-------- Source material
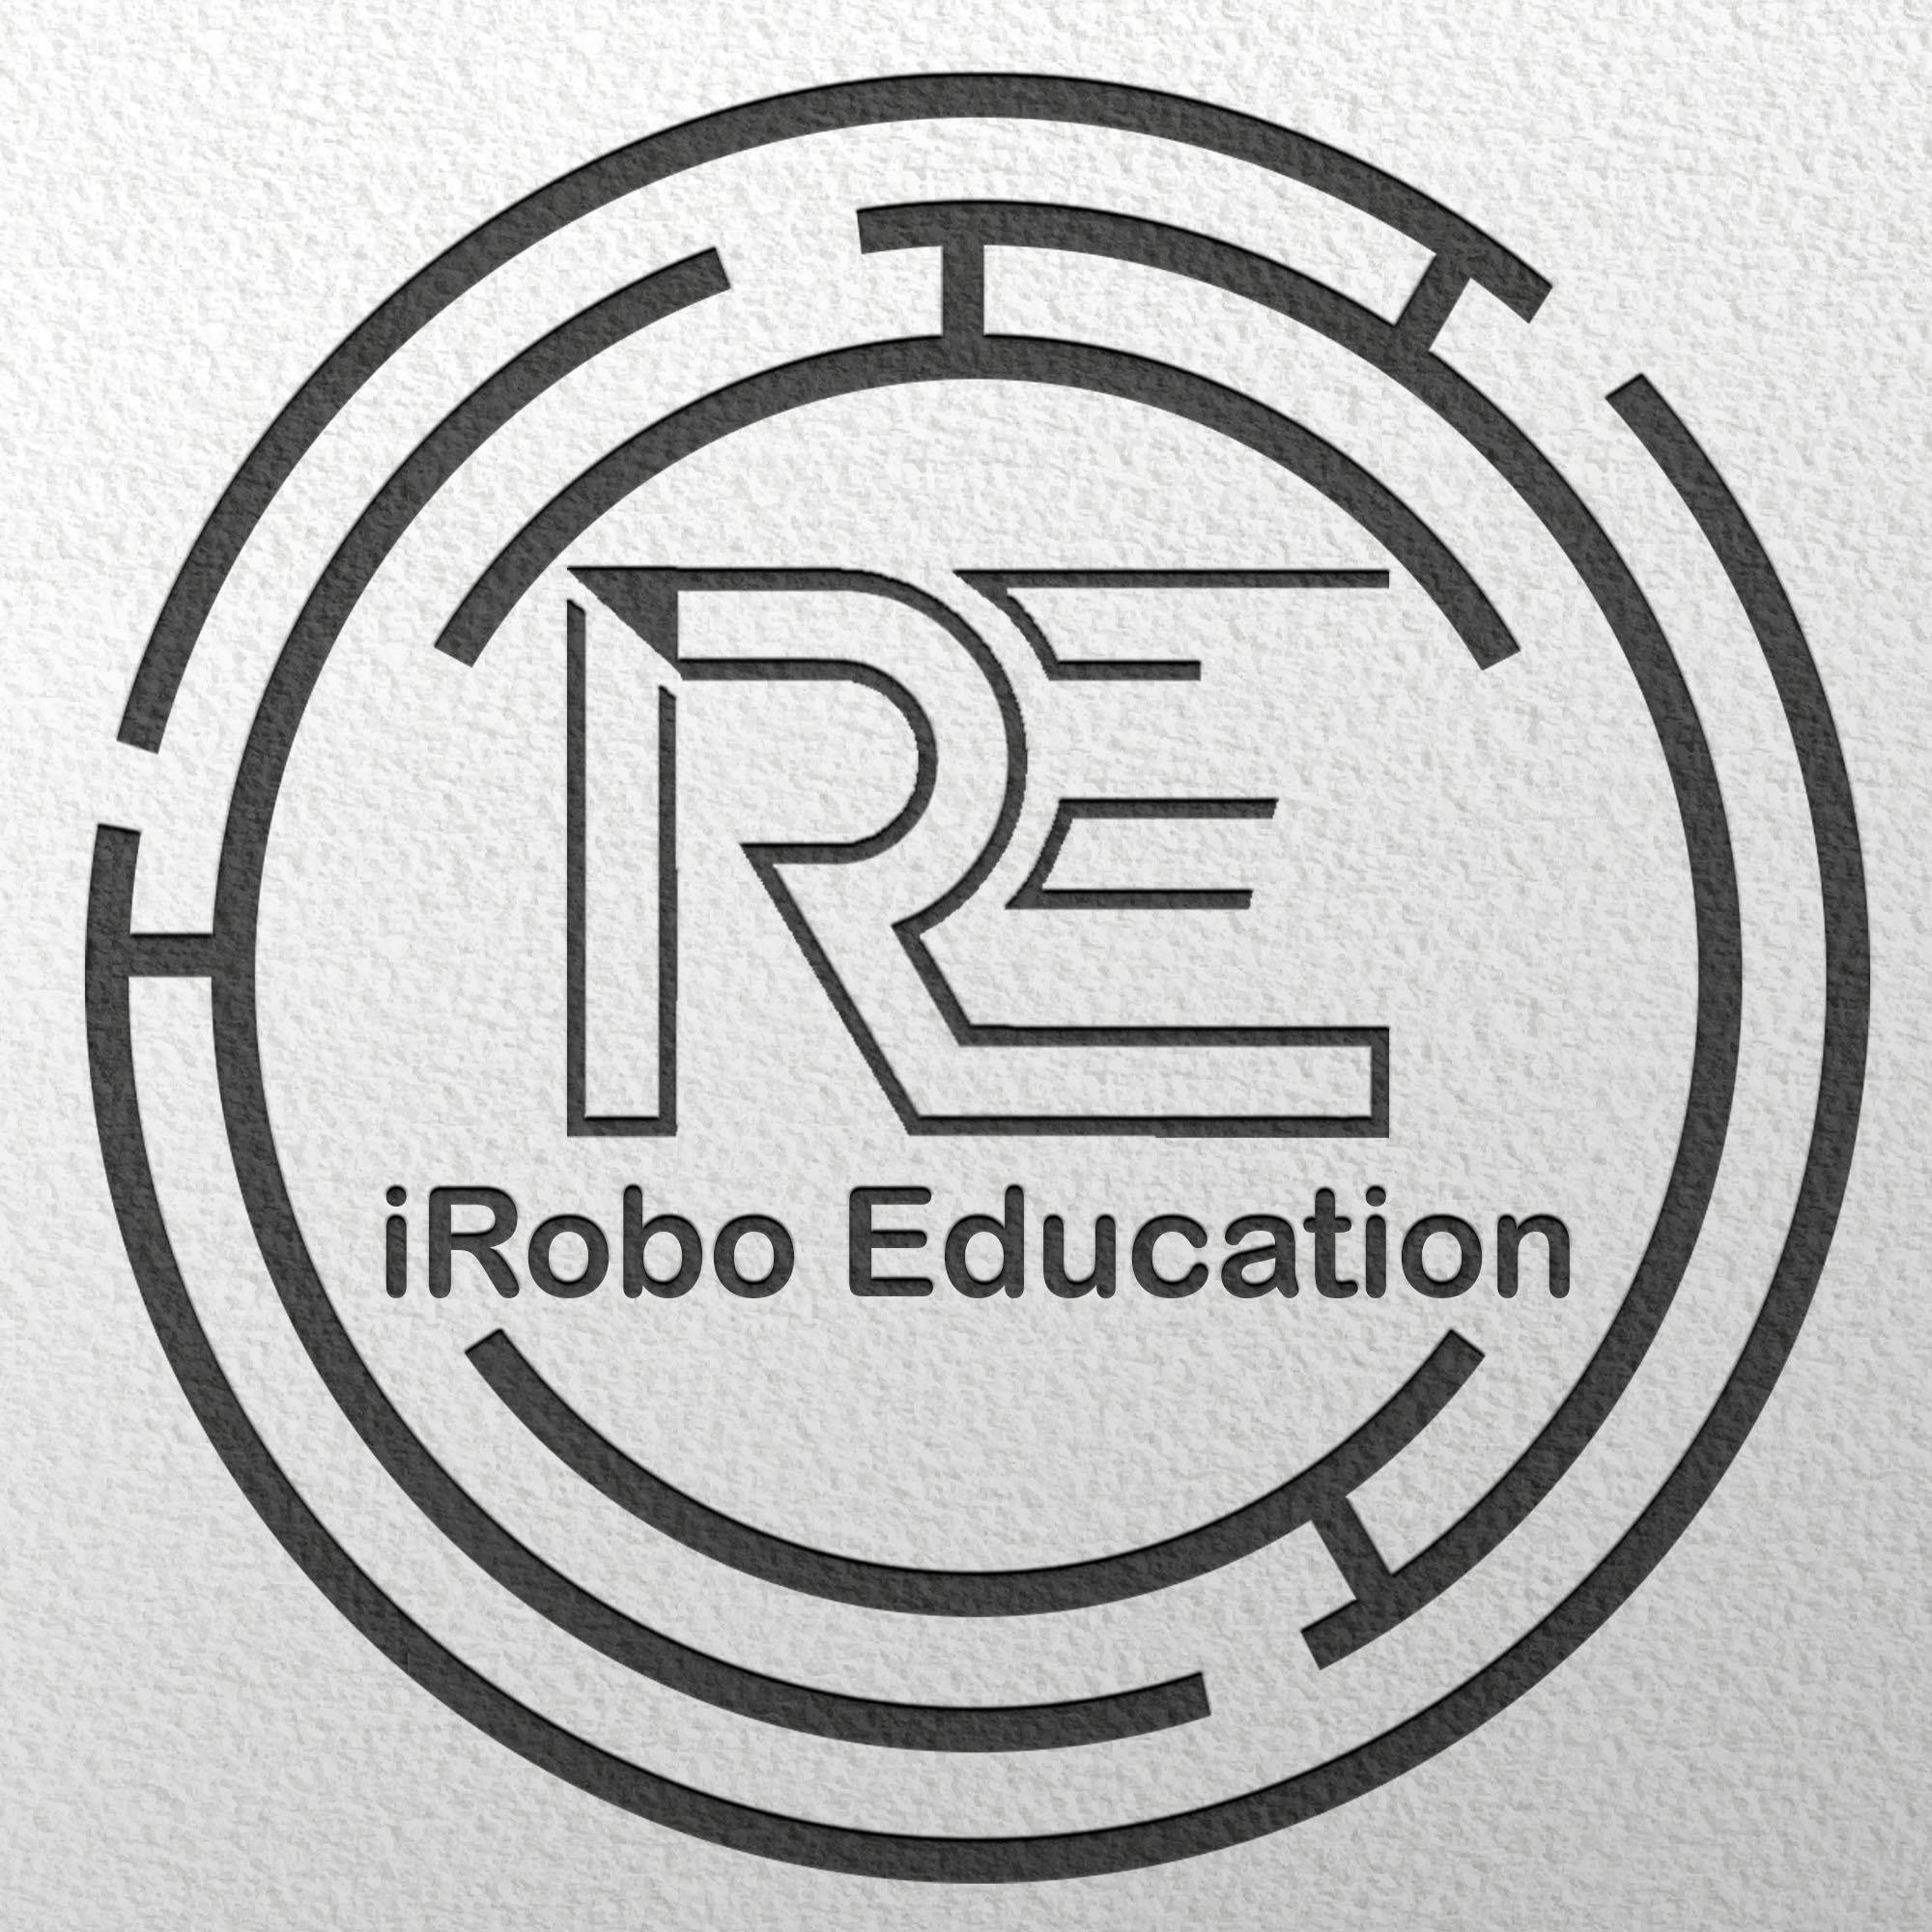 iRobo Education
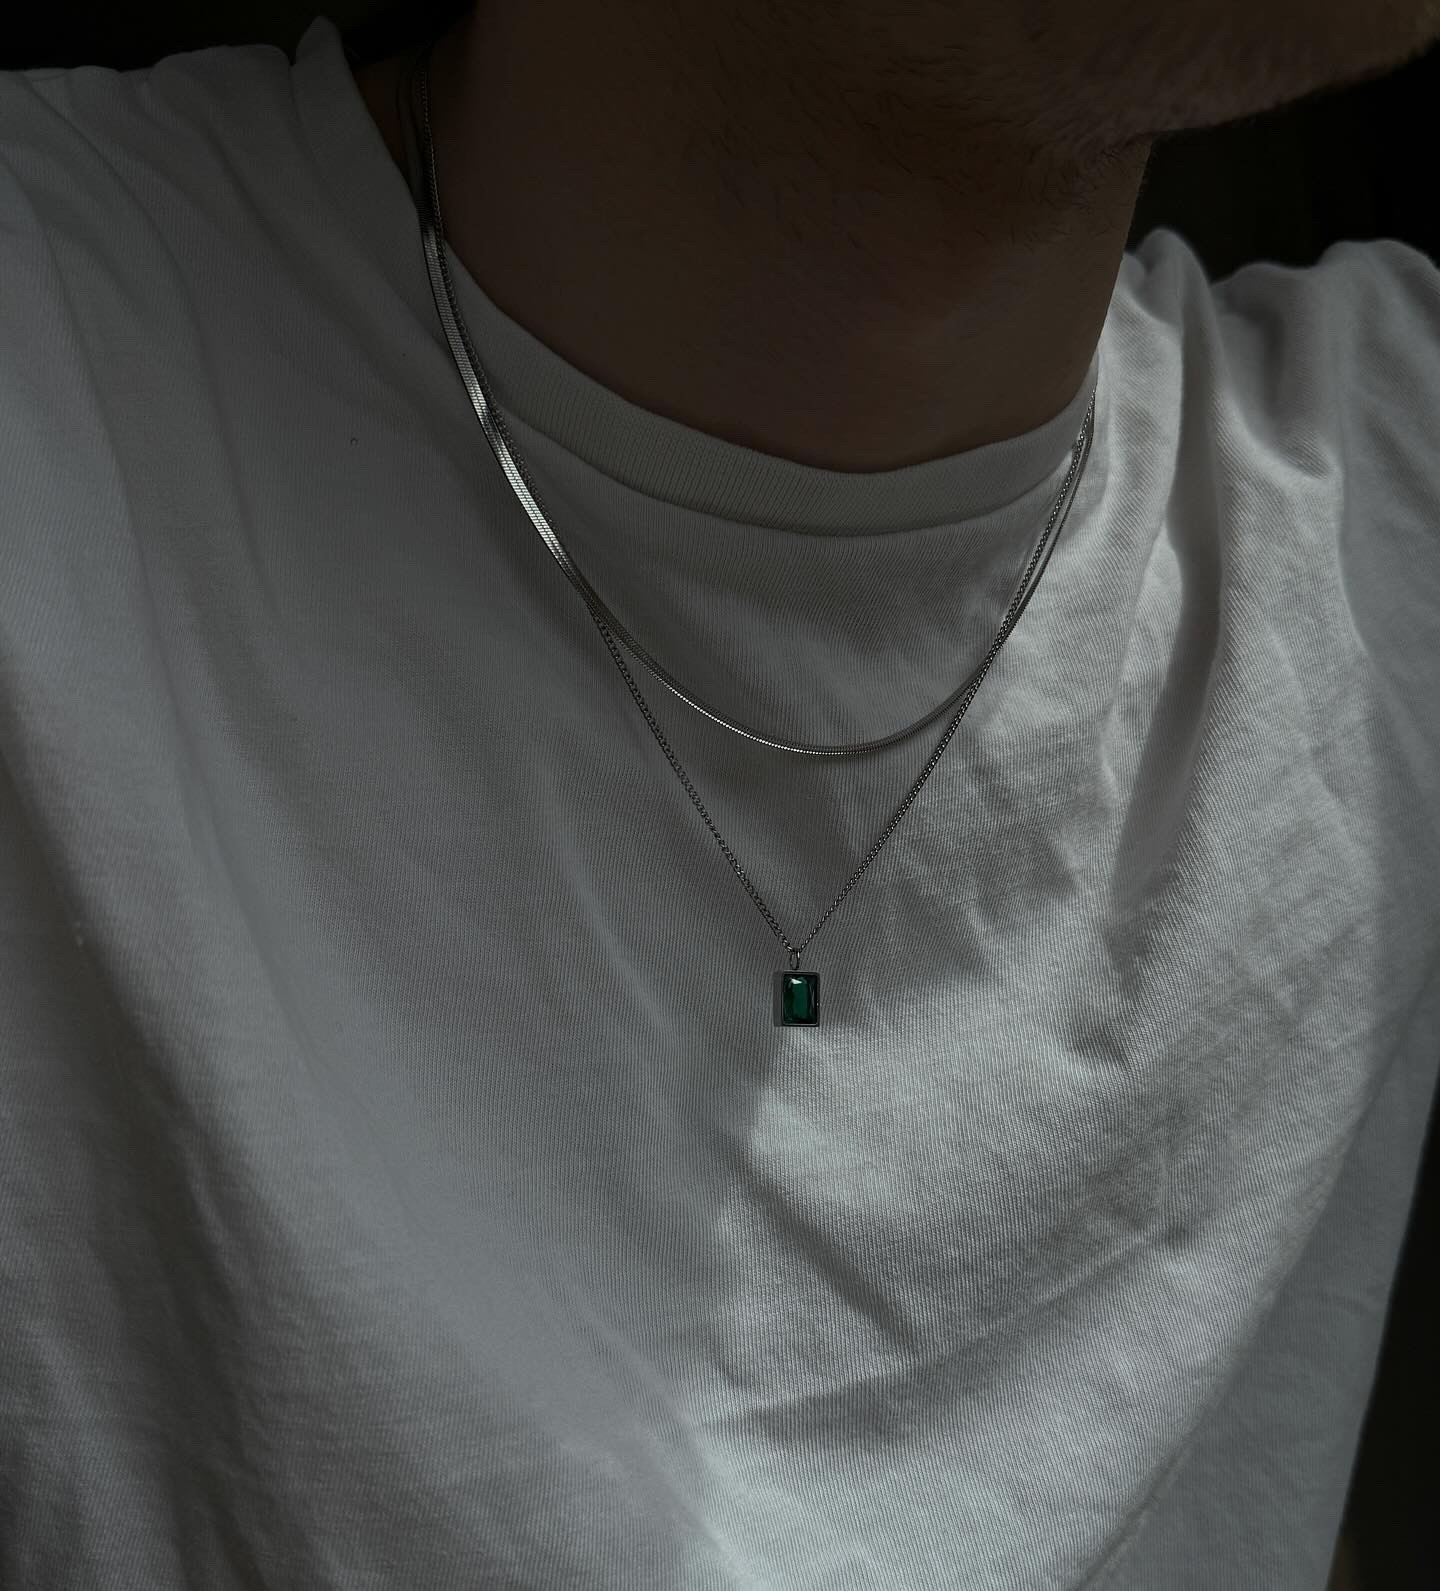 Mirror-Thin Chain Green Stone Necklace
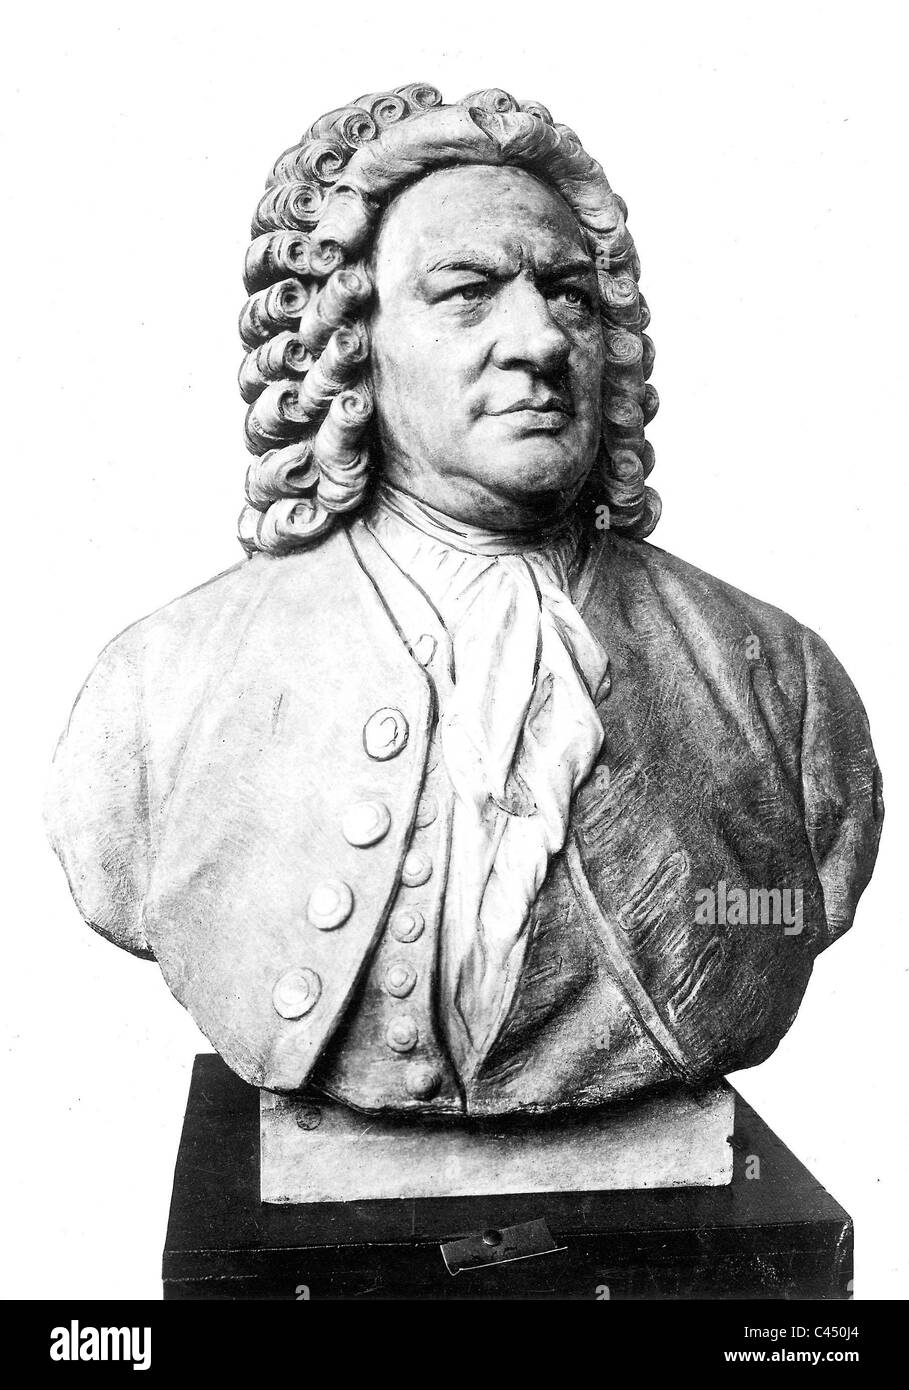 Johann Sebastian Bach Stockfotografie - Alamy
----------------
Task objective -
From the listing, extract all text exactly as given and drop any picture.

Finished exercise -
 iRobo Education
 Mirror-Thin Chain Green Stone Necklace
 Johann Sebastian Bach Stockfotografie - Alamy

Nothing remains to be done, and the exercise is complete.